Project Gutenberg of Canada (PGC) was founded on July 1st, 2007, on Canada Day, by Michael Shepard and David Jones, and Distributed Proofreaders of Canada (DPC) started production in December 2007. There were 100 books in March 2008, with books in English, French and Italian.
The combined Project Gutenberg projects have produced a total of 26,161 titles in 2007.
Project Gutenberg sent out 15 million books via snail mail in 2007, under the form of CDs and DVDs. Dated July 2006, the latest DVD included 17,000 books. Since 2005, CD and DVD files have also been periodically generated as ISO files to be downloaded and used to make a CD or DVD using a CD or DVD writer.
As for volunteers, Distributed Proofreaders (DP), who started production in October 2000, had over 52,000 volunteers in January 2008. DP processed 11,934 books since its beginnings. Distributed Proofreaders of Europe (DP Europe), who started production in December 2003, had over 1,500 volunteers in January 2008. Distributed Proofreaders Canada (DPC), who started production in December 2007, had over 250 volunteers in January 2008.
Project Gutenberg reached the landmark of 25,000 books in April 2008. eBook number 25000 was English Book Collectors, by William Younger Fletcher (published in 1902). On April 21, 2008, out of a total of 25,004 books, the main languages were English (21,475 books), French (1,168 books), German (530 books), Finnish (433 books), Dutch (326 books), Portuguese (217 books), Chinese (196 books), Spanish (180 books), Italian (128 books), Latin (55 books) and Tagalog (54 books). And there were books in Esperanto (45 books), Swedish (40 books), Danish (20 books), Catalan (19 books), Welsh (10 books), Norwegian (10 books), Russian (7 books), Icelandic (7 books), Hungarian (7 books), Middle English (6 books), Greek (6 books) and Bulgarian (6 books).
3. THE METHOD
Whether digitized years ago or now, all the books are digitized in 7-bit plain ASCII (American Standard Code for Information Interchange), called Plain Vanilla ASCII. Used since the beginnings of computing, it is the set of unaccented characters present on a standard English-language keyboard (A-Z, a-z, numbers, punctuation and other basic symbols). When 8-bit ASCII (also called ISO-8859 or ISO-Latin) is used for books with accented characters like French or German, Project Gutenberg also produces a 7-bit ASCII version with the accents stripped. (This doesn't apply for languages that are not "convertible" in ASCII, like Chinese, encoded in Big-5.)

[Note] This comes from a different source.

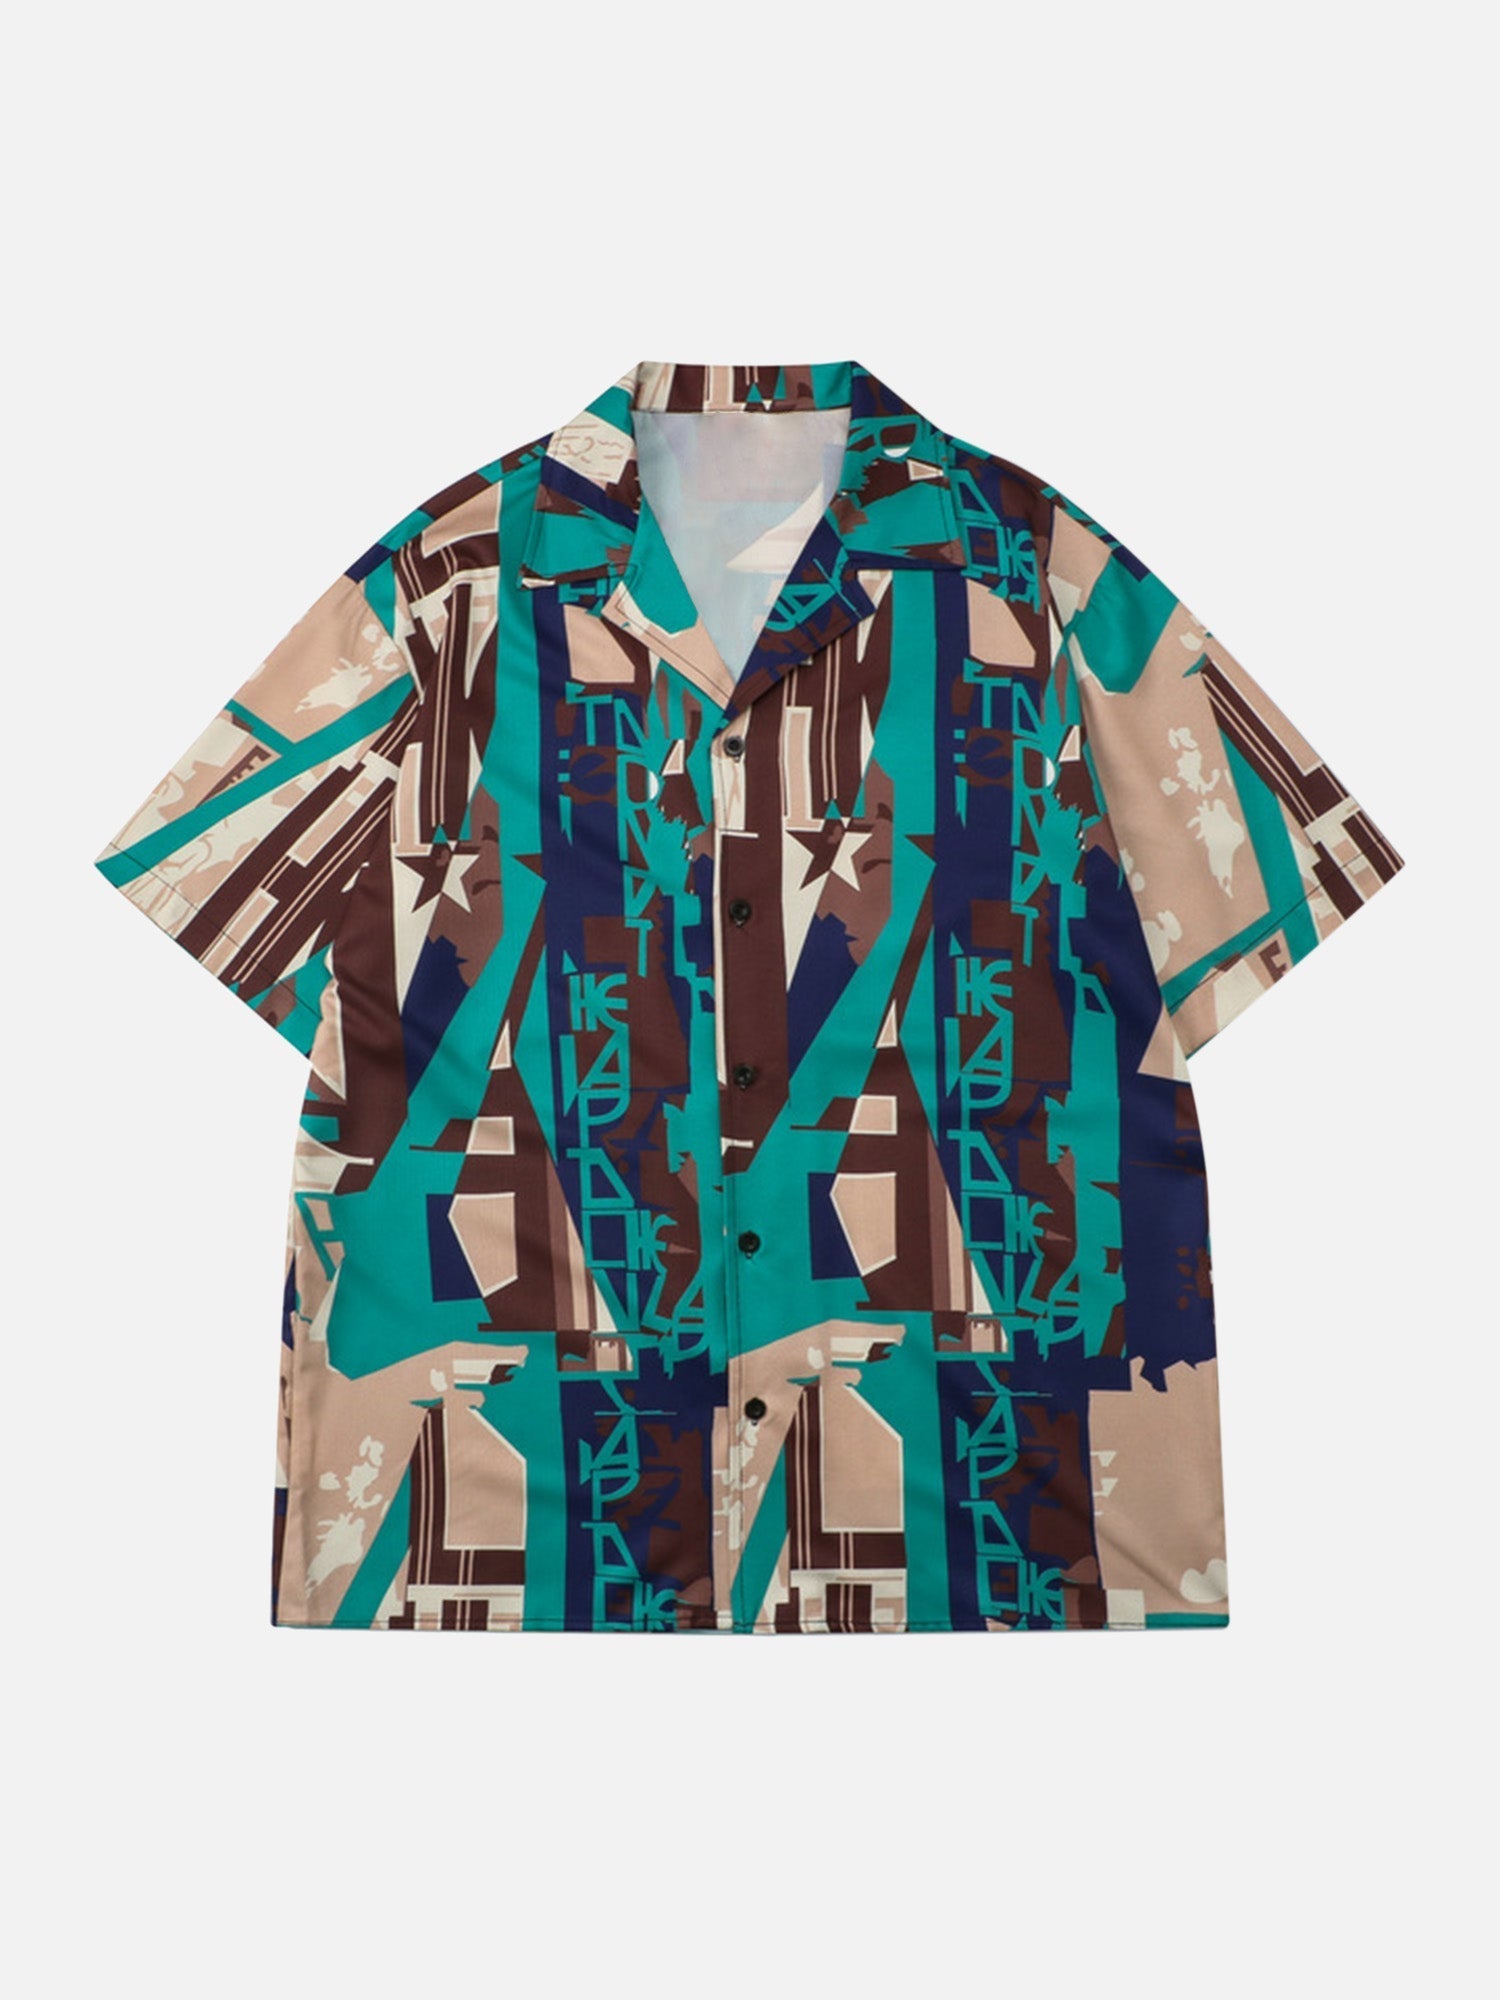 Abstract Fun All-over Printed Rap Shirts Floral Shirt Short Suit

Plain Vanilla ASCII is the best format by far. It is "the lowest common denominator". It can be read, written, copied and printed by any simple text editor or word processor on any electronic device. It is the only format compatible with 99% of hardware and software. It can be used as it is or to create versions in many other formats. It will still be used while other formats will be obsolete (or are already obsolete, like formats of a few short-lived reading devices launched since 1999). It is the assurance collections will never be obsolete, and will survive future technological changes. The goal is to preserve the texts not only over decades but over centuries. There is no other standard as widely used as ASCII right now, even Unicode, a "universal" encoding system created in 1991.
Project Gutenberg also publishes books in well-known formats like HTML, XML or RTF. There are Unicode files too. Any other format provided by volunteers (PDF, LIT, TeX and many others) is usually accepted, as long as they also supply an ASCII version where possible.